しかし結論から言えば、年齢や準備次第では未経験でも経理職への転職は十分に可能です。むしろ、数字に強く、論理的に物事を考えるタイプであれば、他職種からの転身でも高い評価を得ることもあります。
とはいえ、企業側の評価ポイントは年齢によって大きく変わってきます。20代はポテンシャル重視、30代前半は経験の棚卸し、35歳以上はスキルの証明が重要になるなど、段階ごとの対策が求められます。
また「経理は未経験だから関係ない」と思っていた過去の職務経験が、実は転職活動で武器になるケースもあります。営業や事務、ミドルオフィスなど、“数字”や“仕組み”に触れてきた経験は積極的にアピールすべきです。

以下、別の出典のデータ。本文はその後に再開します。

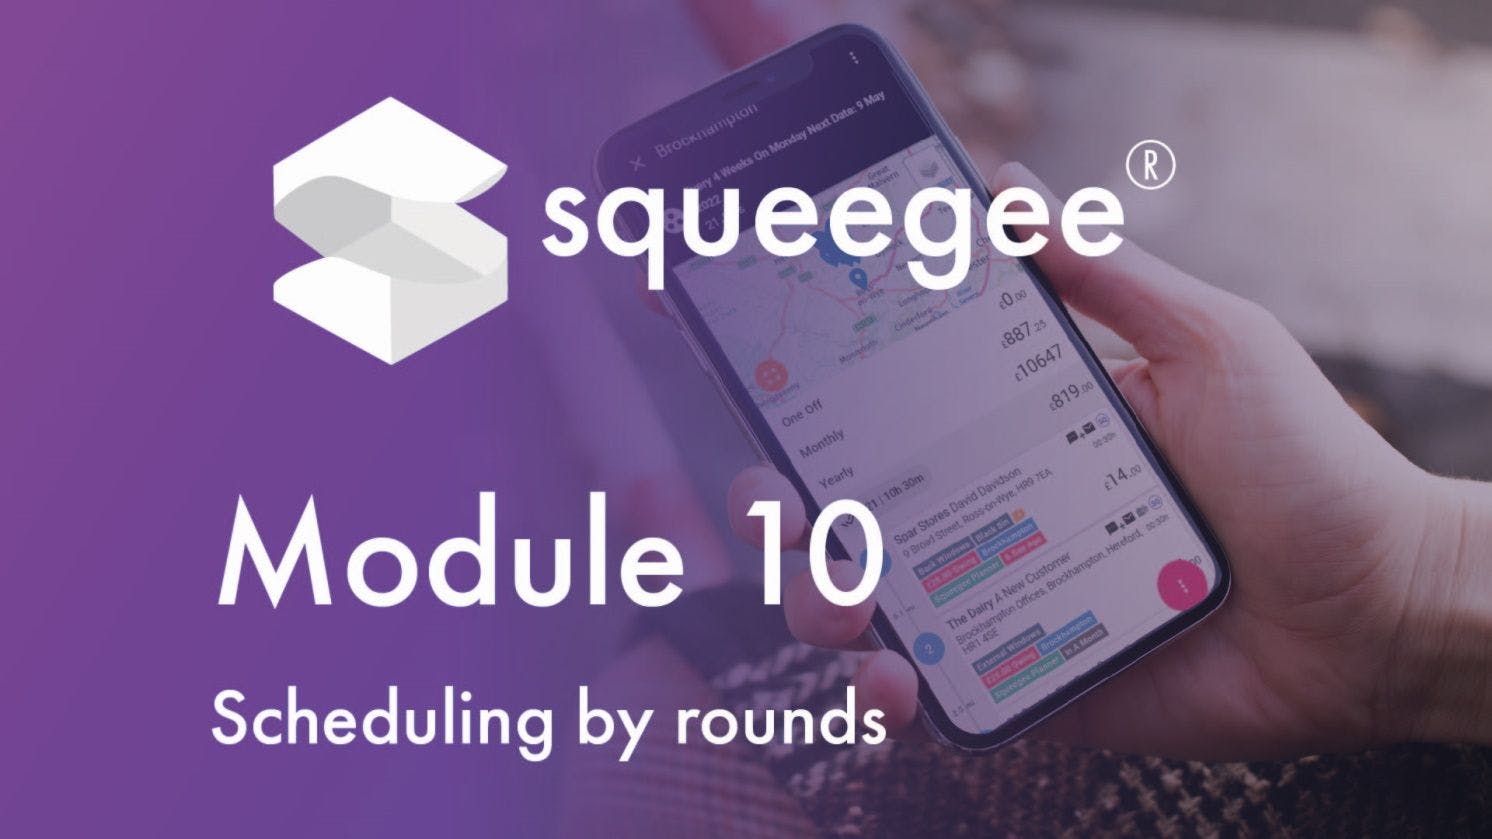 Squeegee Training Academy Module 10 Scheduling by rounds
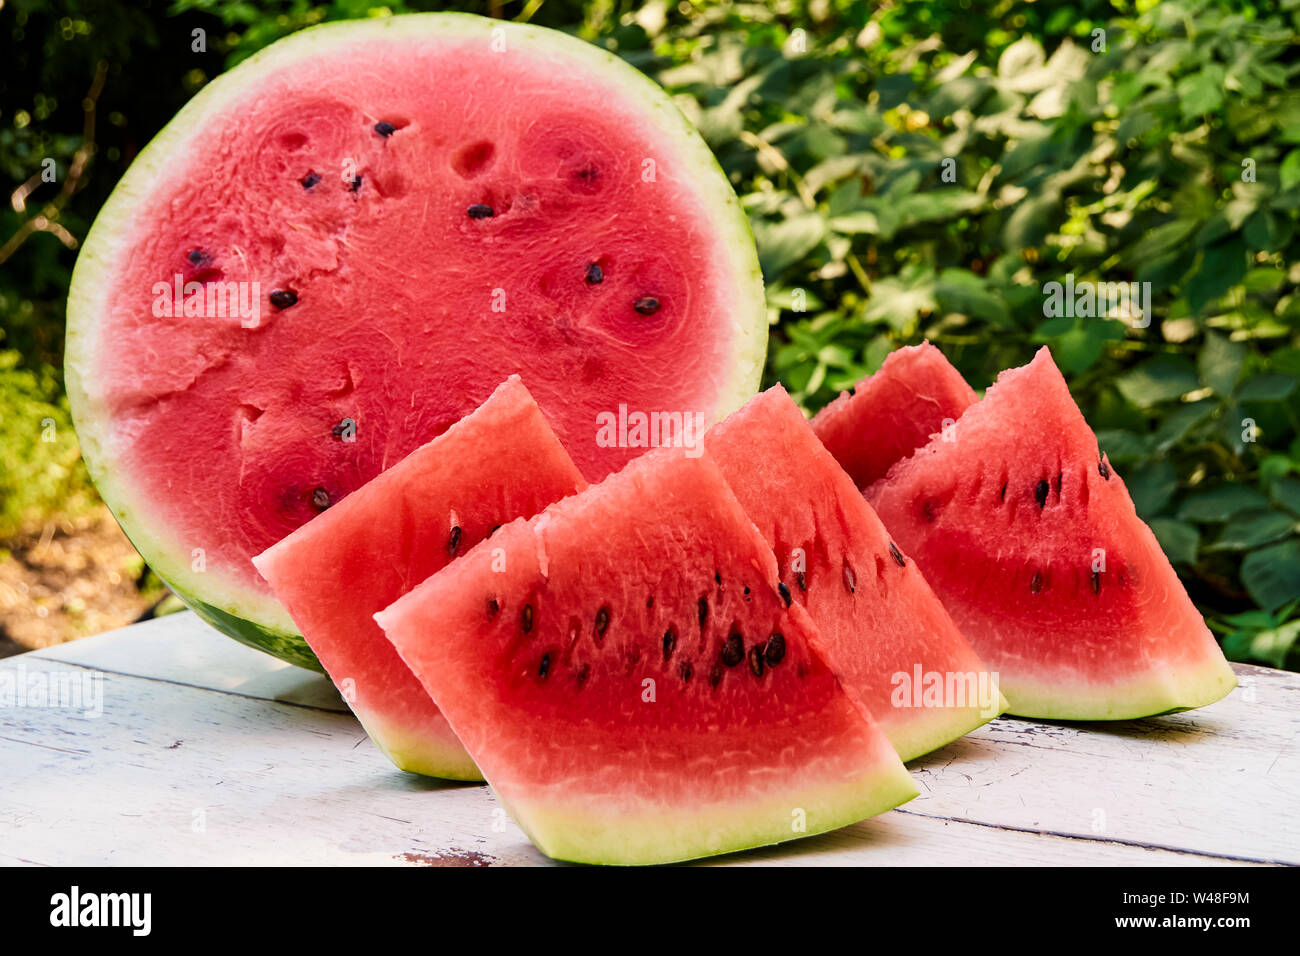 Fresh ripe striped sliced watermelon on a wooden old table, against the background of green leaves, outdoors. Stock Photo

この記事では、未経験から経理職を目指す方に向けて、年齢別に転職成功のポイントを詳しく解説します。必要なスキルや資格、意外と活かせる経験、そして転職エージェントの活用法まで、実践的な情報をまとめました。
経理職を目指す第一歩として、ぜひ参考にしてください。あなたのこれまでの経験が、未来のキャリアにきっとつながるはずです。
未経験から経理に転職できる?結論:年齢次第で十分可能
- 経理職は未経験でも年齢次第で十分に転職可能
- 20代はポテンシャル重視で広く門戸が開かれている
- 30代以降は「経験の棚卸し」と「スキルの証明」が鍵になる
経理職は専門性の高いポジションに思われがちですが、実は未経験者にもチャンスがあります。特に20代であれば、ポテンシャル採用枠として受け入れている企業も多く、意欲や学習姿勢が評価されやすい傾向にあります。
一方で、30代になると“実務未経験”というだけでは厳しくなるケースも増えます。そのため、これまでの業務経験の中に経理に関連する要素(数字管理、請求処理、業績分析など)がないかを丁寧に洗い出すことが重要です。
また、年齢が上がるにつれて、簿記などの資格やエクセルスキルなど“スキルの見える化”が求められるようになります。35歳を超えると、単なる未経験では通用しにくいため、転職市場での“説得材料”を明確に持っておく必要があります。
結論としては、20代〜30代前半であれば未経験でも十分チャンスがあり、年齢が上がるほど「経験やスキルの証明」が成功の鍵になります。自分の年齢に合わせて戦略を立てれば、経理職へのキャリアチェンジは現実的です。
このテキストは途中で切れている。